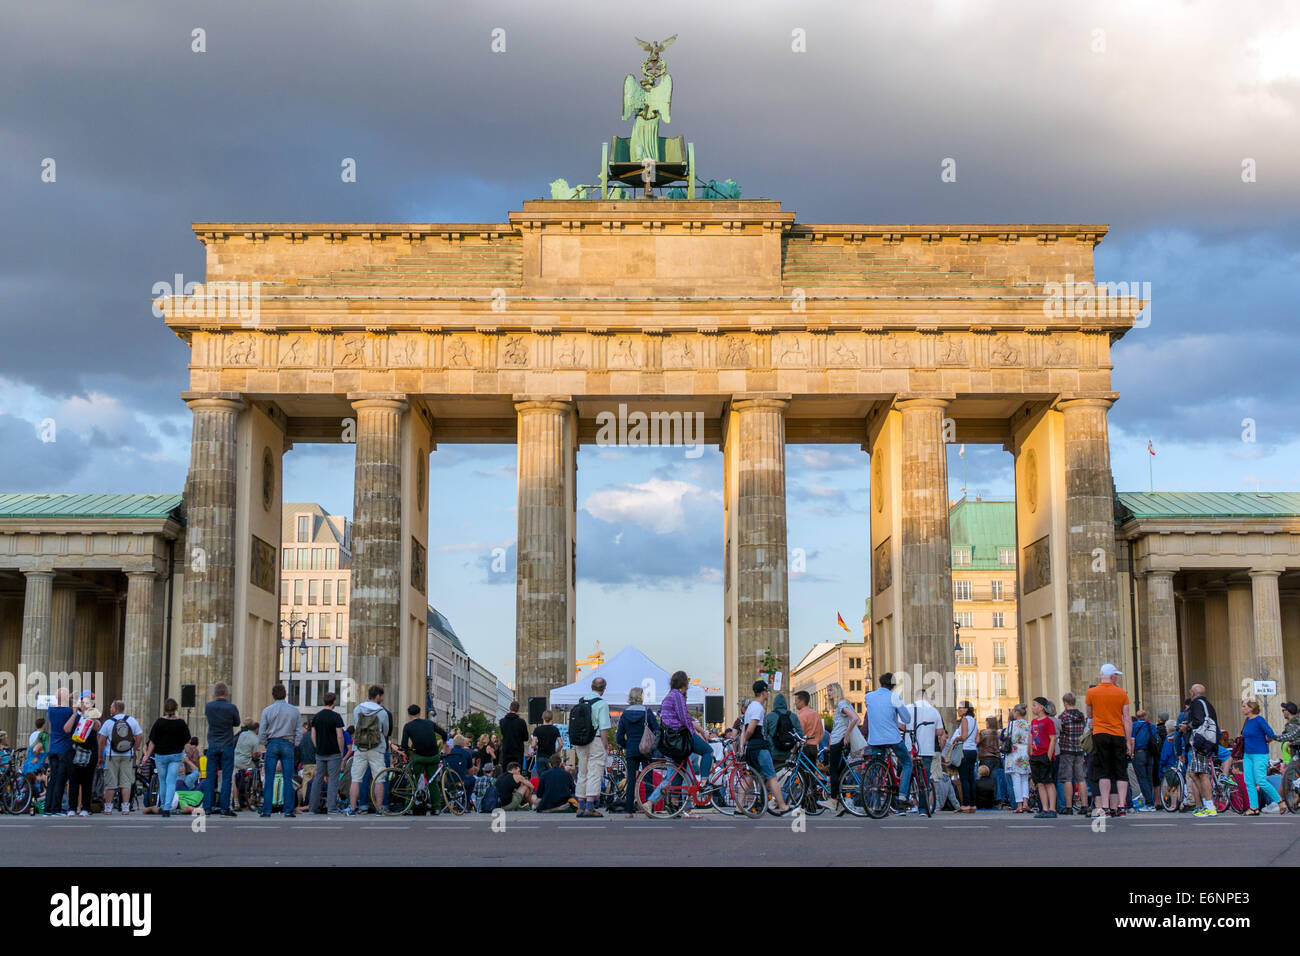 Allemagne : Porte de Brandebourg de Berlin vu de l'ouest. Photo du 11 août 2014. Banque D'Images
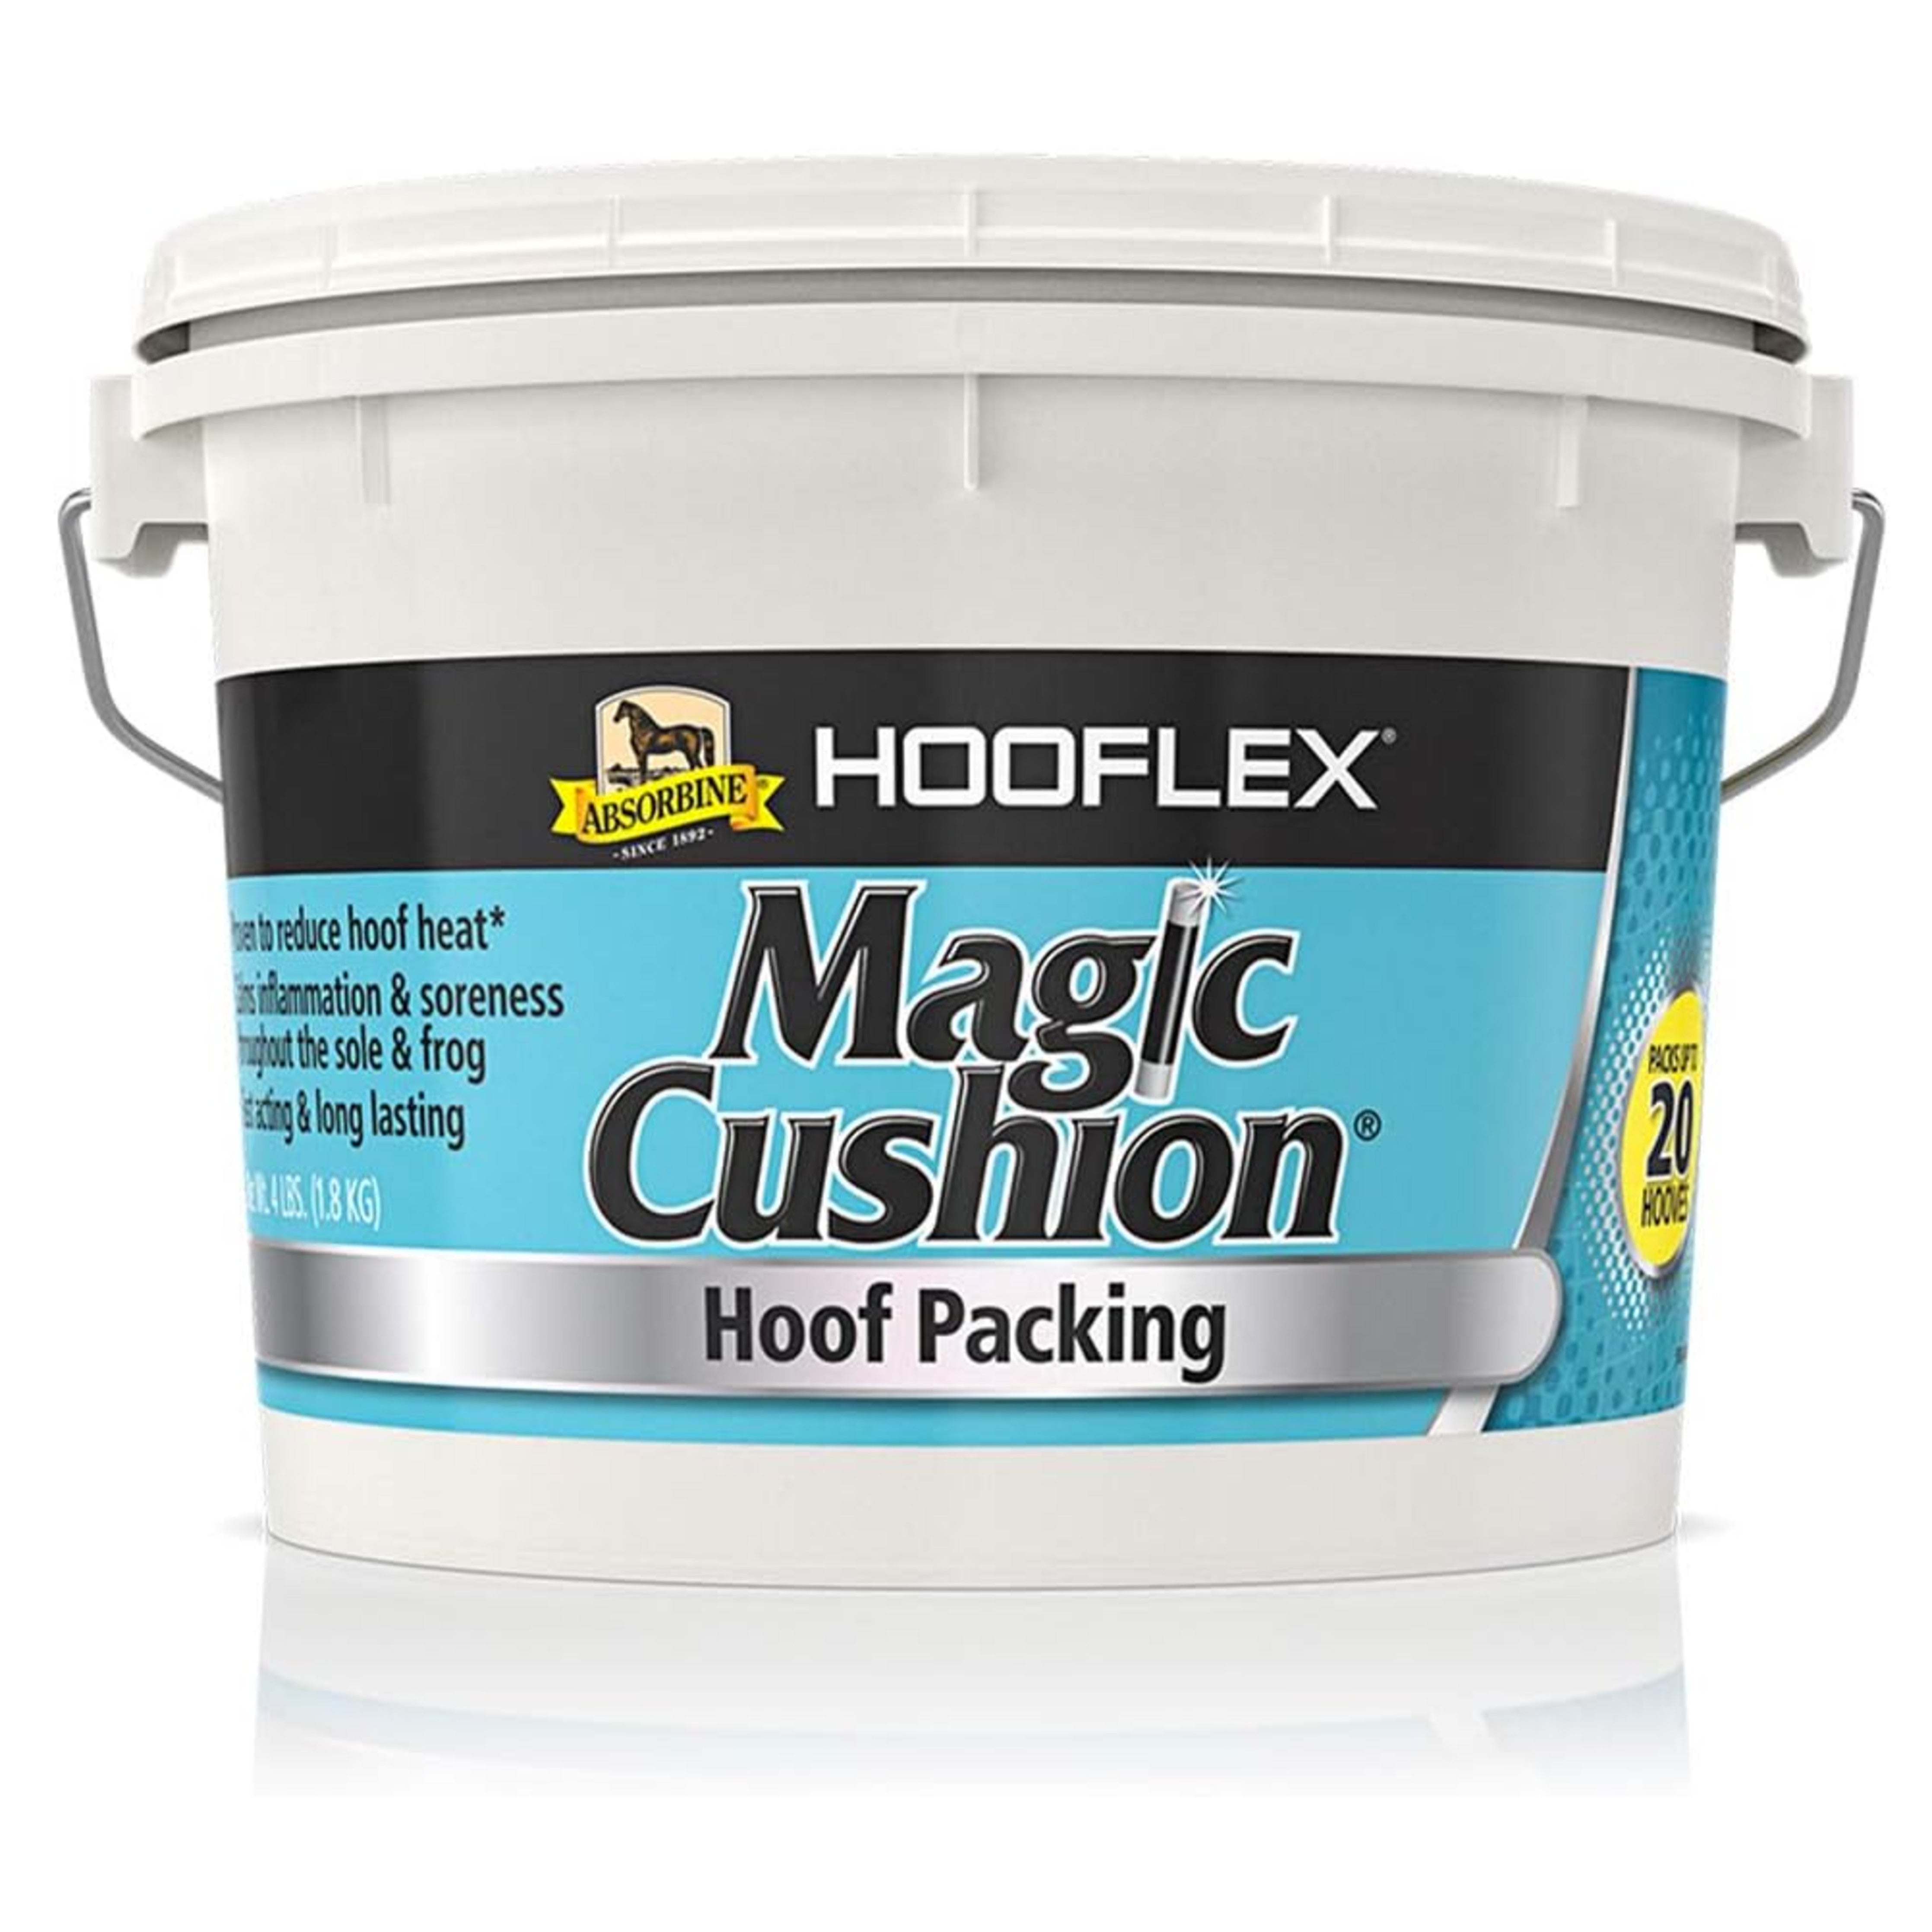 Hooflex Magic Cushion 4 lb
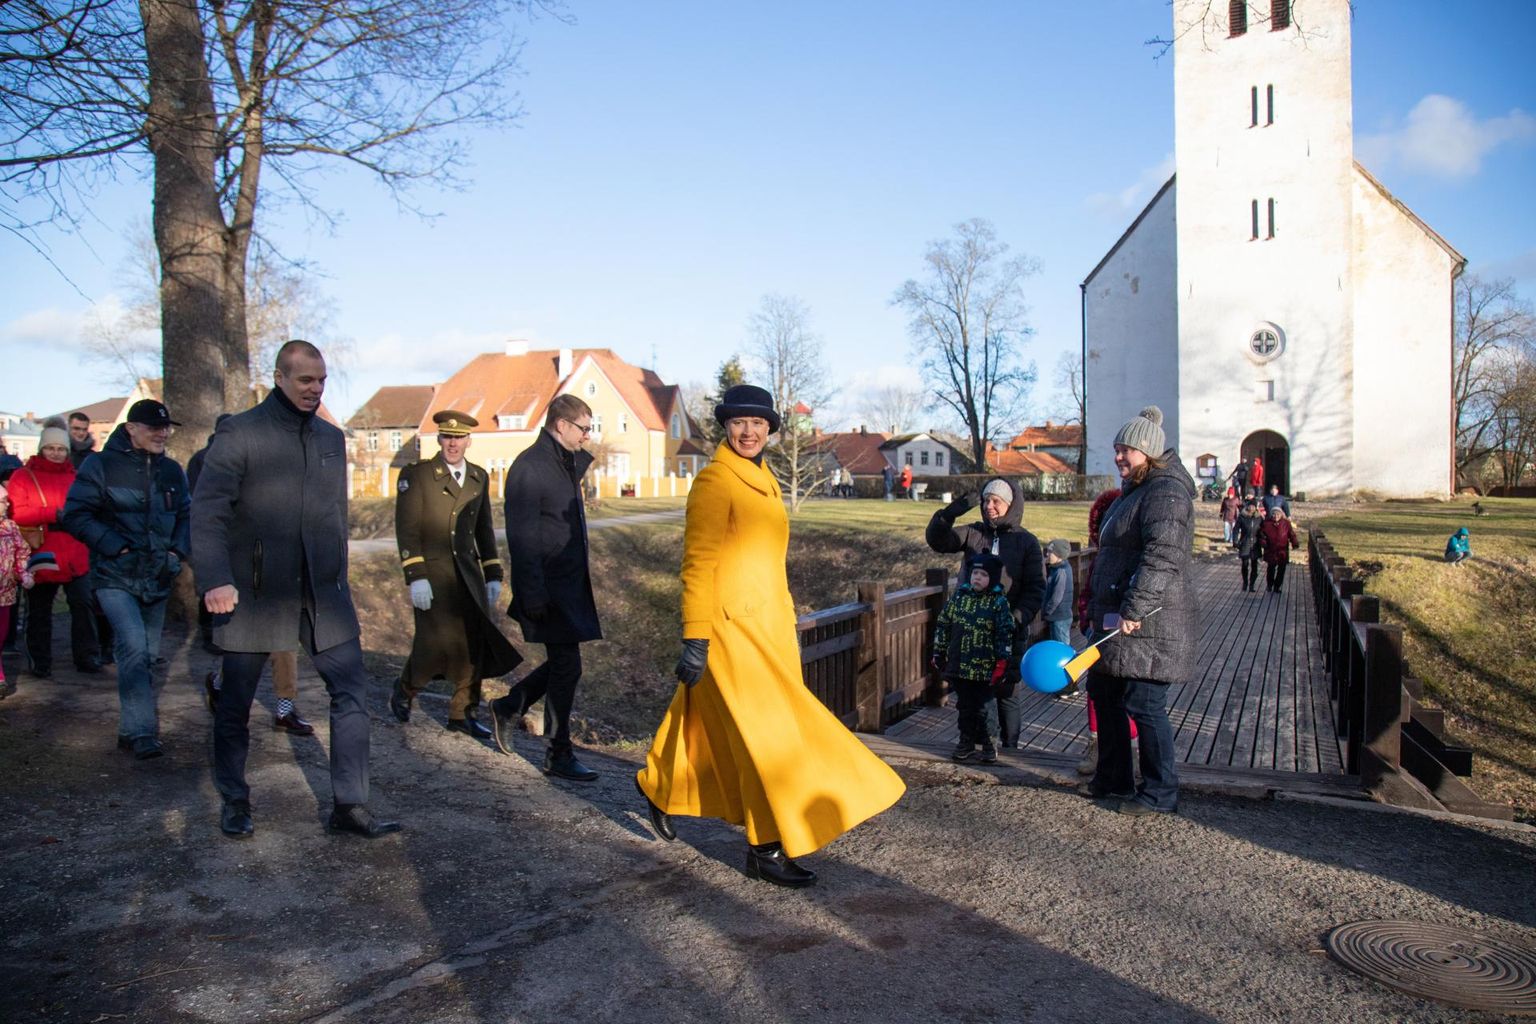 Viimati kohtus president Kersti Kaljulaid Viljandimaa inimestega Viljandi lauluväljakul 24. veebruaril mõni tund enne seda, kui Ugala teatris algas tema vastuvõtt.

PROBLEM TO SOLVE: Leave the pictures out and restate the listing word for word.

ANSWER SECTION:
 Allemagne : Porte de Brandebourg de Berlin vu de l'ouest. Photo du 11 août 2014. Banque D'Images
 Hooflex Magic Cushion 4 lb
 Viimati kohtus president Kersti Kaljulaid Viljandimaa inimestega Viljandi lauluväljakul 24. veebruaril mõni tund enne seda, kui Ugala teatris algas tema vastuvõtt.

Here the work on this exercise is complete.